Creating an Automation
Now for the fun part. Here's an example automation that places a phone call:
alias: Twilio Test Call
description: "Test phone call via Twilio"
triggers: []
conditions: []
actions:
- action: notify.twilio_call
data:
message: >-
Hello, this is Home Assistant calling. This is a test phone call.
If you are receiving this, your Twilio integration is working correctly.
target: "+44XXXXXXXXXX" # The number you want to call
mode: single
The message field is converted to speech using text-to-speech, so you can write whatever you want here.
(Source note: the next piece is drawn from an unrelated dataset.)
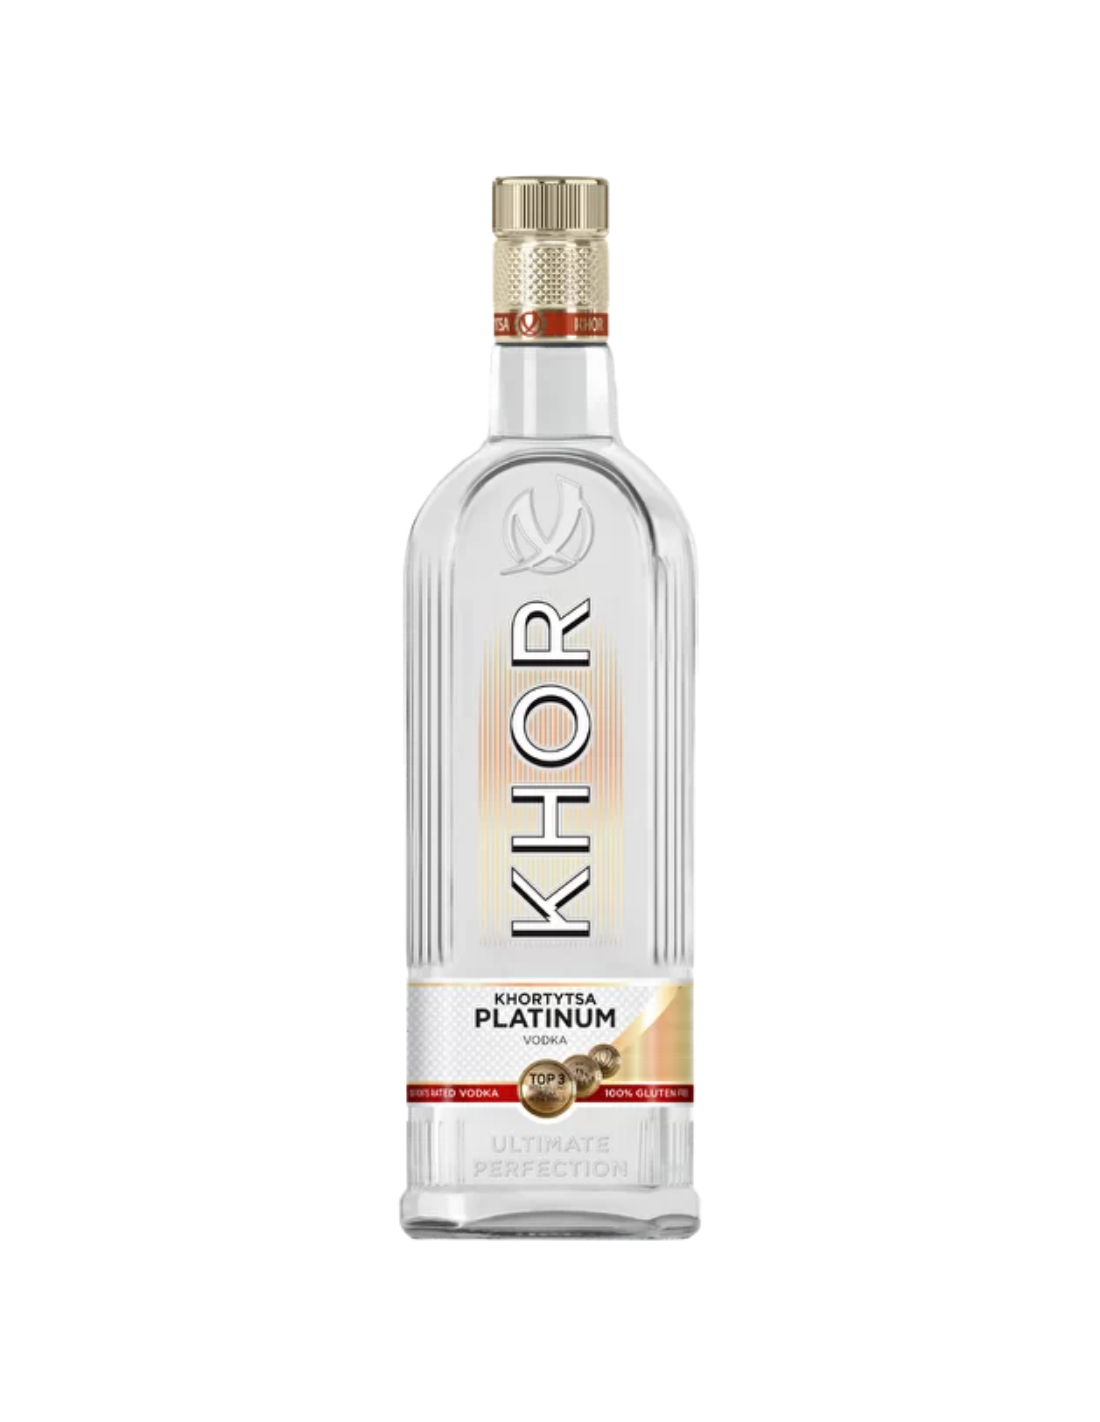 Vodca Khortytsa Khor Platinum 40% alc., 0.7L alcooldiscount.ro

For a real security automation, you'd want something more useful:
alias: Intruder Alarm Phone Call
description: "Call my phone when the intruder alarm is triggered"
triggers:
- trigger: state
entity_id: alarm_control_panel.home_alarm
to: "triggered"
conditions: []
actions:
- action: notify.twilio_call
data:
message: >-
Alert. Your home intruder alarm has been triggered.
Please check your cameras immediately.
This is an automated call from Home Assistant.
target: "+44XXXXXXXXXX"
mode: single
You can trigger this from any automation condition such as alarm panels, motion sensors, water leak detectors, smoke alarms, whatever you need. The message is entirely customisable, so you can include details about which sensor triggered the alert.
Costs
Twilio operates on a pay-as-you-go model. In the UK, you'll pay a small monthly fee for the phone number itself (usually around £1/month) and then a per-minute rate for outbound calls. The per-minute rates for UK mobile calls are low, only a few pence per minute. For an alerting system that might fire a handful of times per year, the cost is negligible.
Wrap Up
If you're running any kind of security or safety automation in Home Assistant, this is well worth setting up. Push notifications are fine for informational alerts, but for anything that genuinely needs your immediate attention, nothing beats your phone actually ringing.